He’s a wino, tried and true. Done about everything there is to do. 

He worked on freighters, he worked in bars. 

He worked on farms, ‘n he worked on cars.

It was white port, that put that look in his eye 

That grown men get when they need to cry 

And he sat down on the curb to rest 

And his head just fell down on his chest

He said “Every single day it gets A little bit harder to handle and yet” 

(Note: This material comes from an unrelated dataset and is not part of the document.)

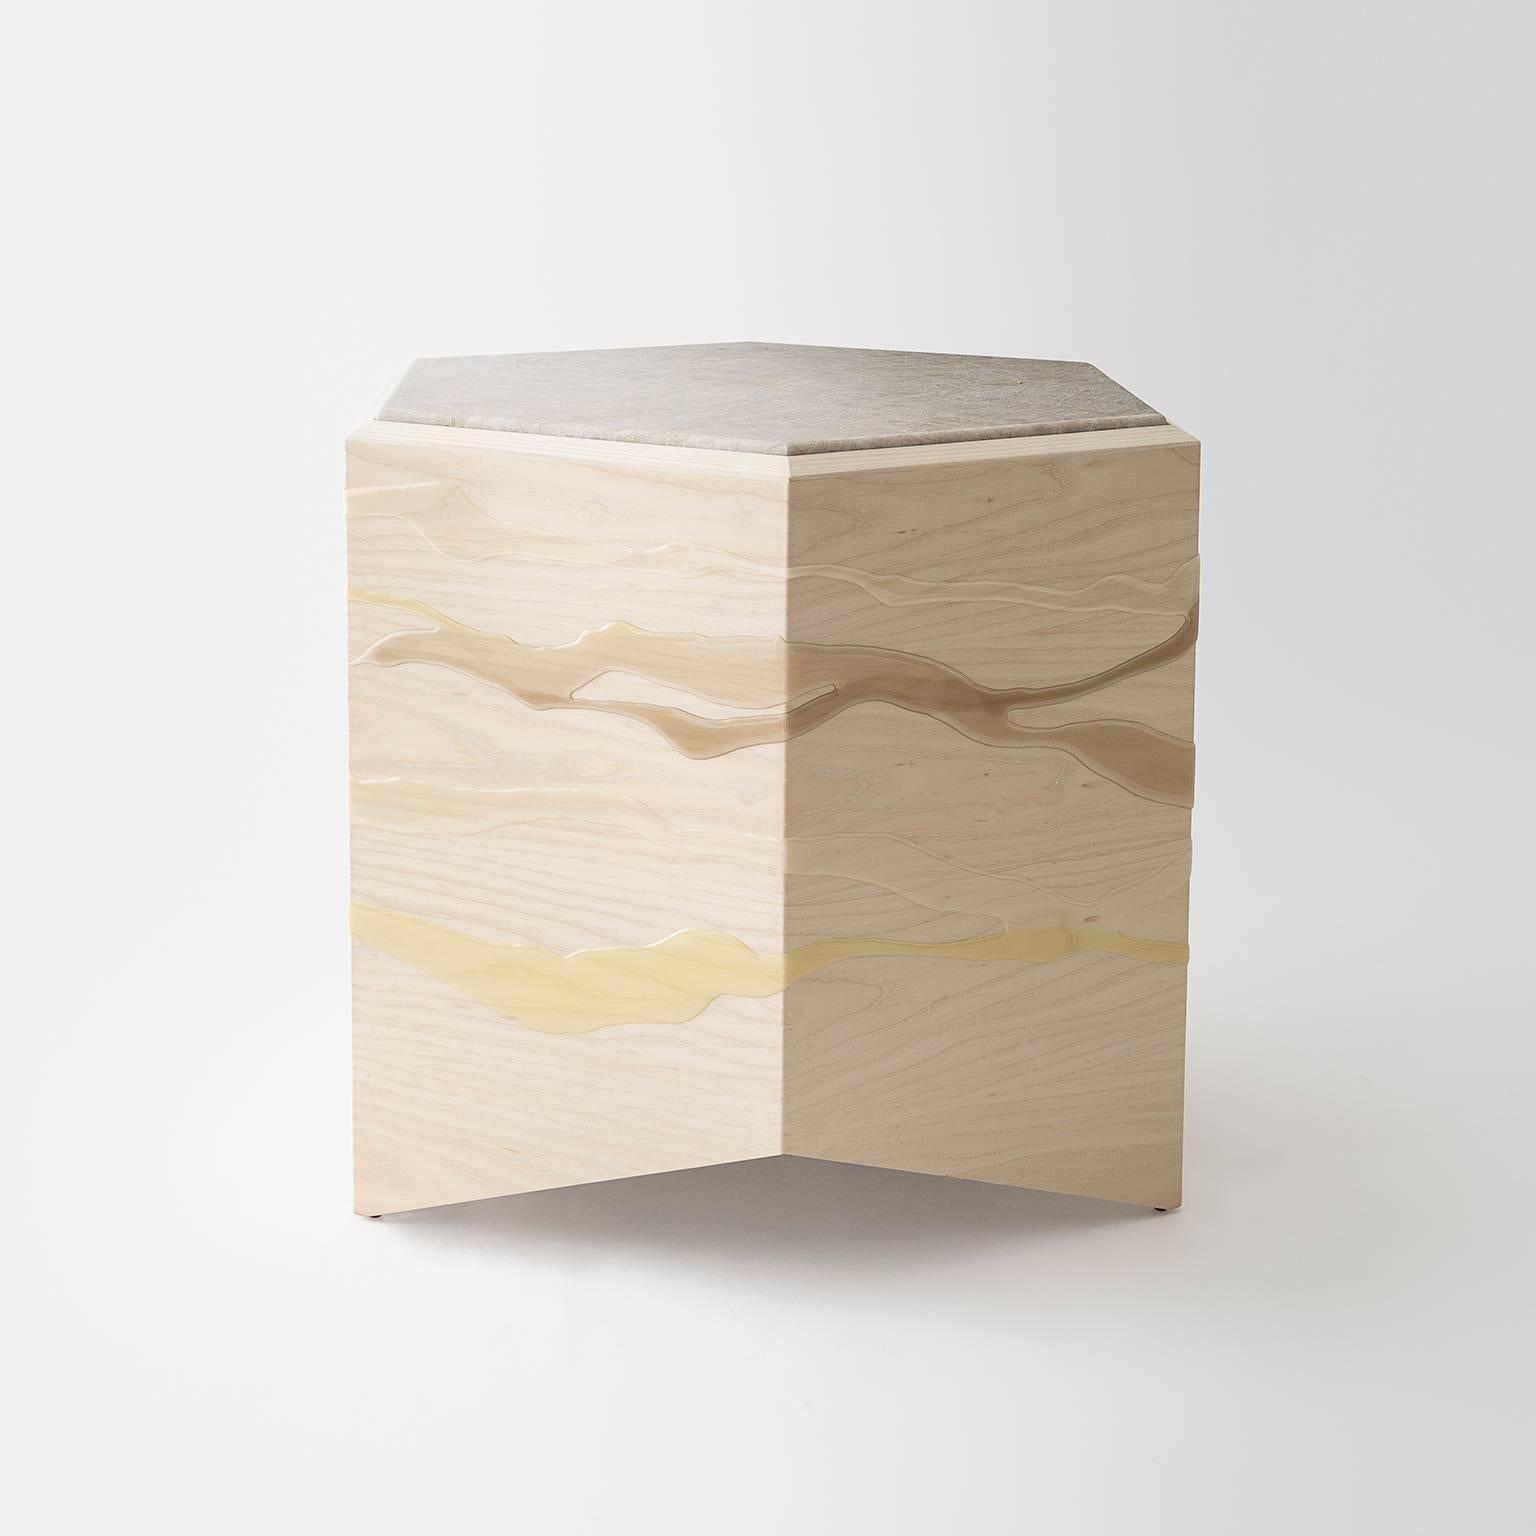 This Drip/Fold side table by Noble Goods is constructed of a single sheet of ash plywood that has been hand-dripped with liquid resin, then bent into a hexagonal shape. This floor model table is finished with a quartzite top, a unique and natural

And he lost the thread and his mind got cluttered 

And the words just rolled off down in the gutter

Well he was elevator man in a cheap hotel 

In exchange for the rent on a one room cell 

He’s old in years beyond his time 

Thanks to the world, and the white Port wine

So he says “Son, ” he always called me son 

He said, “Life for you has just begun” 

And he told me a story that I heard before 

How he fell in love with a Dallas whore

Well he could cut through the years to the very night

 When it ended, in a whore house fight 

And she turned his last proposal down 

In favor of being a girl about town

Now it’s been seventeen years right in line 

And he ain’t been straight none of the time 

Too many days of fightin’ the weather 

And too many nights of not being together

So he died

Well when they went through his personal effects

In among the stubs from the welfare checks 

Was a crumblin’ picture of a girl in a door 

An address in Dallas, and nothin’ more

The welfare people provided the priest 

A couple from the mission down the street 

Sang Amazing Grace, and no one cried 

‘Cept some woman in black, way off to the side

We all left and she was standing there 

Black veil covering her silver hair 

And ‘ol One-Eyed John said her name was Alice 

And she used to be a whore in Dallas

Let him roar, Lord let him roll 

Bet he’s gone to Dallas Rest his soul 

Lord, let him roll, Lord let him roar 

He always said that heaven Was just a Dallas whore.